Third, the export diversification part. The need for export diversification is recognised by all and sundry, but progress has been slow, if any. Quite apart from the standard constraints to exports – viz., poor quality trade infrastructure, weak governance, high cost of doing business, etc. – PRI research has identified the fundamental policy conflict between high tariff protection and export orientation. Non-RMG exporters, who produce for the domestic market as well as exports, lack the drive and enthusiasm for exports as the protected domestic market yields significantly higher profit margins than exporting activity. That is not to say that we lack competitiveness in export products other than RMG. PRI research found that of the 292 non-RMG products (at HS-6 digit), more than $1 million each that we exported in FY2019, 40 per cent were highly competitive with other exporting countries to the same destination markets. But, except for jute and jute goods, footwear and leather goods, and home textiles, there are hardly any other product showing promise of rapid growth. Somewhat less encouraging was the situation with the remaining 1100 HS-6 products (below $1 million) that we exported in the same year. Our conclusion: though potential comparative advantage exists for vast numbers of non-RMG and labour-intensive export products, the inherent policy conflict identified above makes export diversification a dead horse. Furthermore, these non-RMG exporters, most of whom are SME entrepreneurs, rarely get special bonded warehouse (SBW) facility for duty-free import of inputs. Without that facility, non-RMG exports are doomed to extinction in a high tariff regime.

But deemed export of primary textiles (yarn and fabrics) supplemented with garment accessories production is another matter. These are the principal inputs for the apparel industry. Success of RMG has driven this sector’s rapid growth. Here is the rise of a non-RMG sector with indirect exports, but exports nevertheless. We can call it export diversification of the Bangladesh kind. And this has come to stay as long as we have a share in the global apparel market. This export-oriented primary textile sector is now the predominant part of the textile industry. A much smaller domestic market (estimated by BTMA at $8 billion) is still catered to by the less competitive textile mills from old times that only survive under high tariff protection to meet local demand for basic clothing.

Arguably, a nascent export-oriented textile sector deserves policy support and protection. That justifies the support this sector has received from the government in terms of tax exemptions, subsidies, duty-free bonded imports, or concessional credit. To ensure sustainability and lasting competitiveness it is just as important to put some limits to the support measures, by making them time bound and performance based. Also note that cash subsidies to backward linkage industries will be regarded as “domestic content” subsidies by the WTO and will become prohibitive for Bangladesh once it graduates out of LDC status in 2024. These are the plus and minus points to be reckoned with by all stakeholders in this dynamically growing and thriving sector.

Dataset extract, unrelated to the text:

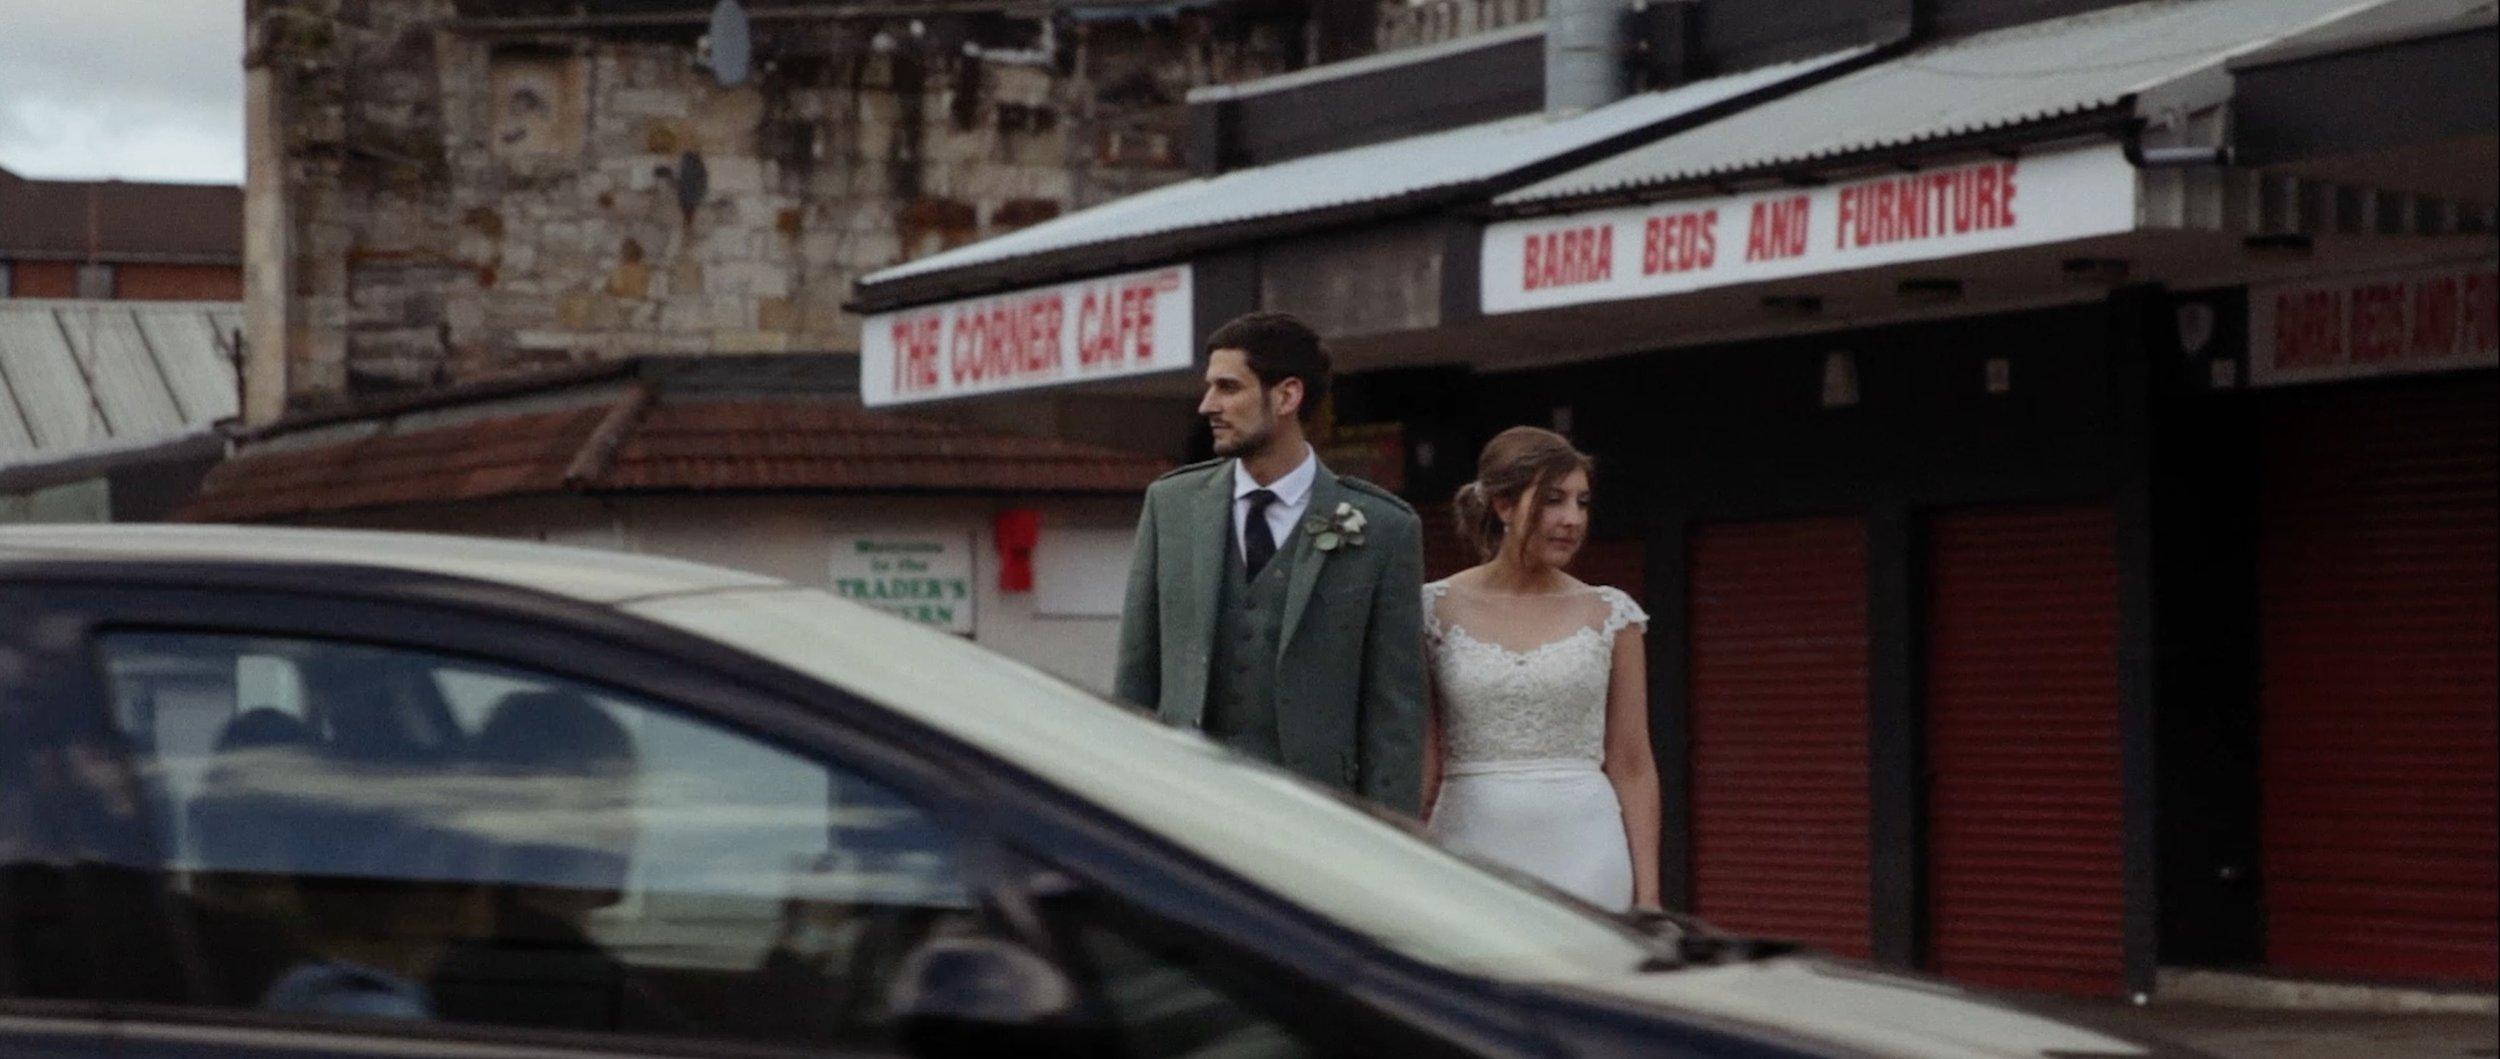 duns-castle-wedding-videographer_LL_05.jpg
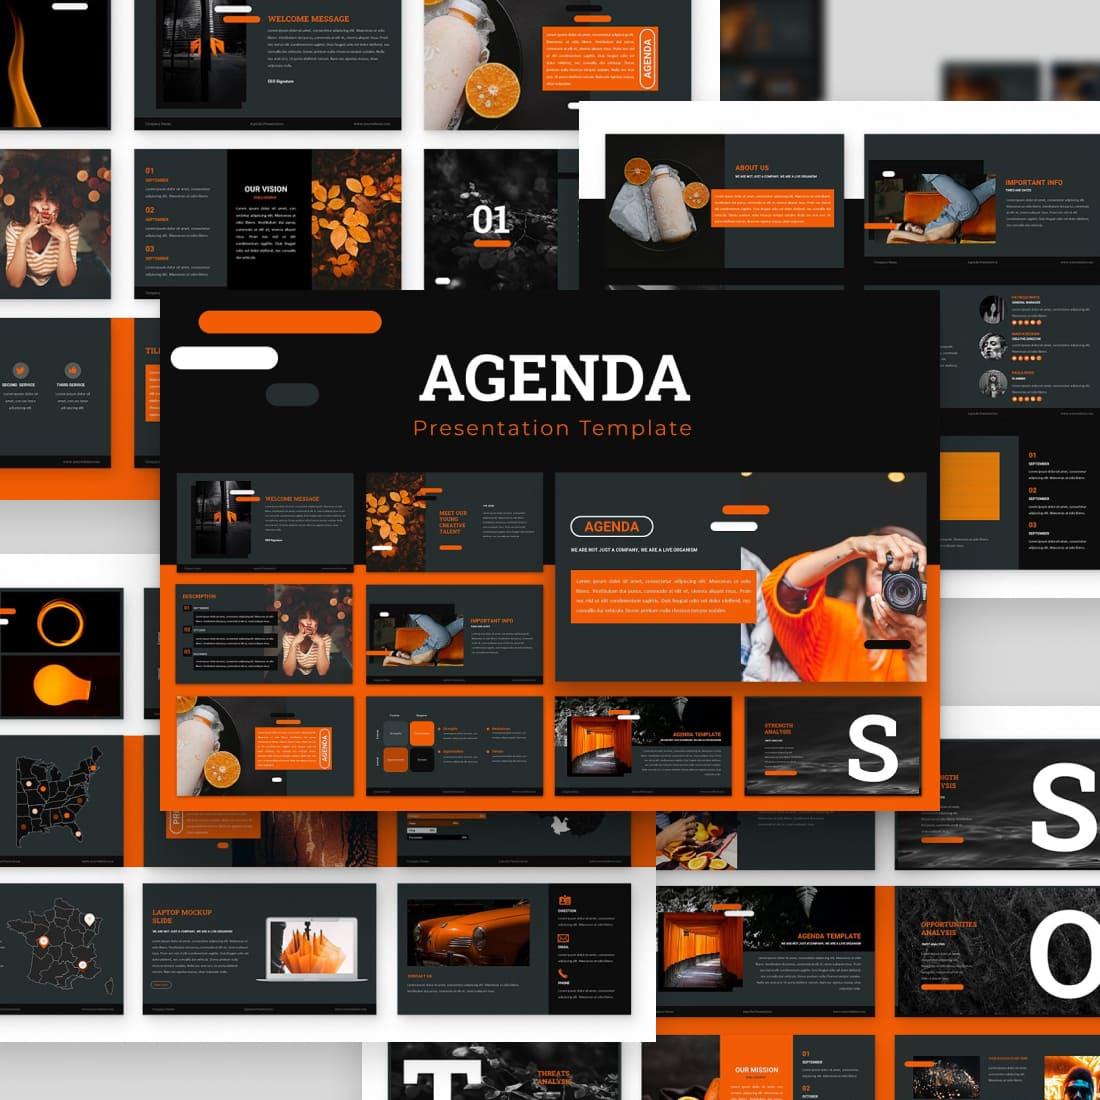 Agenda Powerpoint Presentation by MasterBundles.

To conclude, we have come a long way since the days when RMG exports used to raise the spectra of a highly import-intensive activity generating very little foreign exchange net of import content. The strategy of developing backward linkage to the dynamic RMG sector has produced results – another feather in the Bangladesh policy cap. No longer can the primary textile sector be dismissed as a non-competitive domestic market-oriented industry. It is now predominantly an export-oriented sector with a smaller part dedicated to catering for domestic demand. This is import substitution par excellence based on comparative-advantage-following (CAF) approach of protection – that is, import substitution leading to export orientation. This is exactly the protection outcome trade economists have been looking for.